So we might speak to one who incredulously looks upon our faith, but for one who whole-heartedly approaches God as Christianity suggests, no negative and cautionary word is adequate. The Christian method of conceiving God brings the most exhilarating thought of him that man has ever had. It says in brief: Take your best and think of God as most truly symbolized in that. As to what our best is, not even the agnostics doubt. The physical universe belittles us on one side only; it makes a pigmy of the body. In our spirits we still tower above the physical; we are greater than the world we know. Our supreme good, the divinest reality with which we deal, is personality. Then lift that up, says Christianity; it is your best, and you dare not think of God in terms of less; you have Christ's example in arguing from the human best to the divine: "If ye, being evil, know how to give good gifts unto your children, how much more ... your Father." (Matt. 7:11.)
The Christian faith asserts that when a man thus thinks of God in terms of the best he knows he is on the road toward truth. How many billion spiritual miles he may have to travel to the end, no man can tell. Only he will never need to stop, retrace his steps, and start upon a lower path than personality, a road that lies beneath righteousness and love. The road leads on and up beyond our imagination, but it is the same road and not another. God is personality plus, or else he alone is completely personal and we are but in embryo.
If God so is personal, then all the deep meanings of religious life and faith that the saints, our spiritual sires, have known are open to us modern men and women. Forms of thought indeed have changed, but if God is thus our Father and our Friend, the essentials of Christian experience are waiting for us all. Life then is not purposeless; all creation is bound into spiritual unity by personal Will; and in sacrificial labor we are serving one who is able to guard that which we "have committed unto him against that day" (II Tim. 1:12). Old hymns of confidence in time of trial, we too can sing:
"Still will we trust, though earth seem dark and dreary, And the heart faint beneath His chastening rod; Though steep and hard our pathway, worn and weary, Still will we trust in God."

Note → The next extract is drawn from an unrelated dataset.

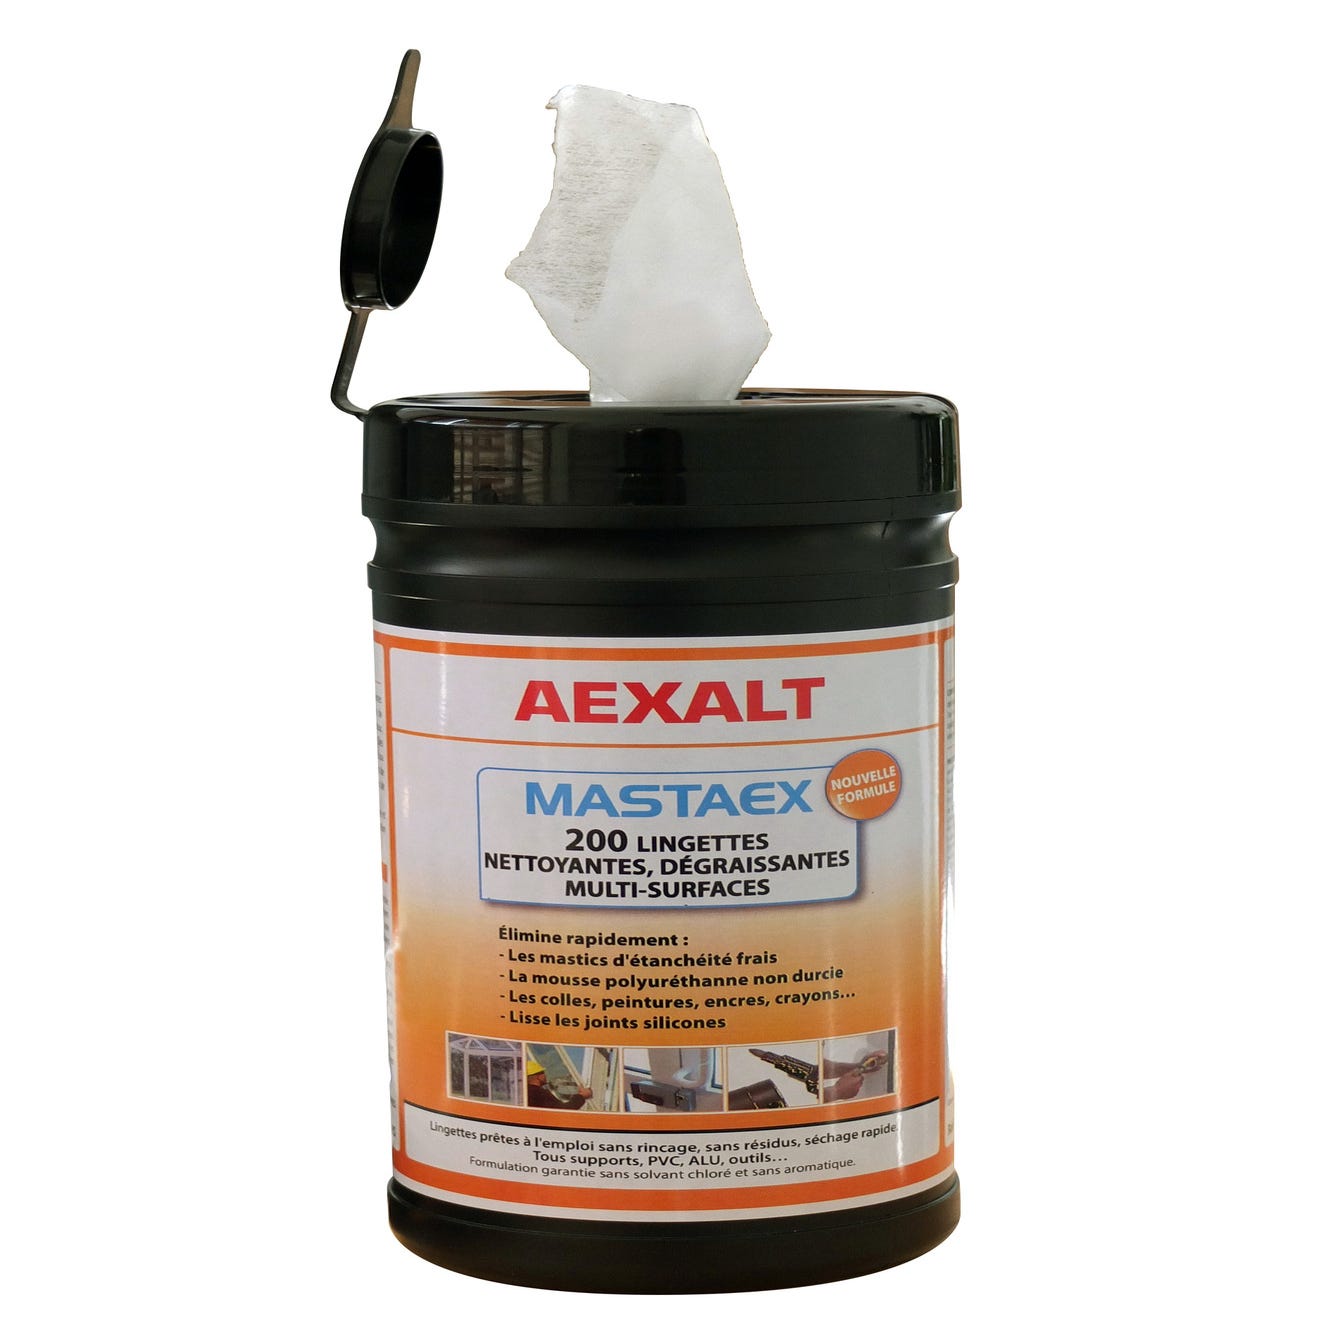 Pot de 200 lingettes nettoyantes dégraissantes multi-surfaces Mastaex - AEXALT 1
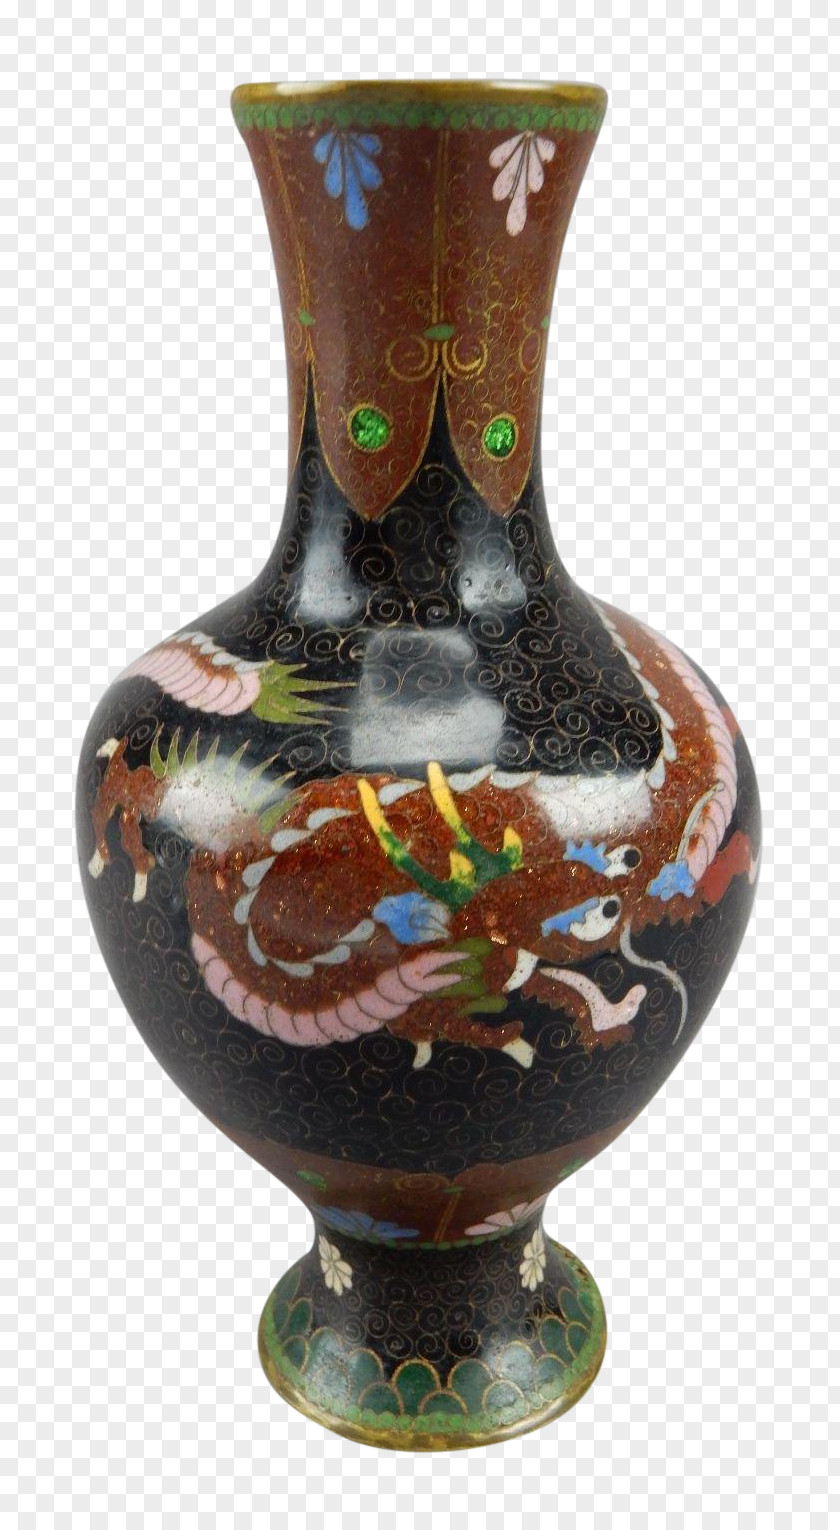 Cloisonne Vase Ceramic Pottery Urn PNG

And we can pray, not indeed with clamorous beggary as though the grace of God were a wayside stall where every greedy hand can pluck what passing whim may wish, but we can commune with God as the real saints have always prayed with humility and gratitude and confident desire for good. Most of all, that priceless privilege is open to us which is the center and sun of Christian thought and life. For if among all realities in our experience, we have dared take the best, personality, as a symbol in terms of which to think of God, how should we not, among all personalities, take the best we know as the highroad of approach to him. Therefore our real symbol of God shall be no man among us, frail and sinful, but our Lord himself "fairest among ten thousand"—"the one altogether beautiful." We shall think of God in terms of him. We shall see "the light of the knowledge of the glory of God in the face of Jesus Christ" (II Cor. 4:6.)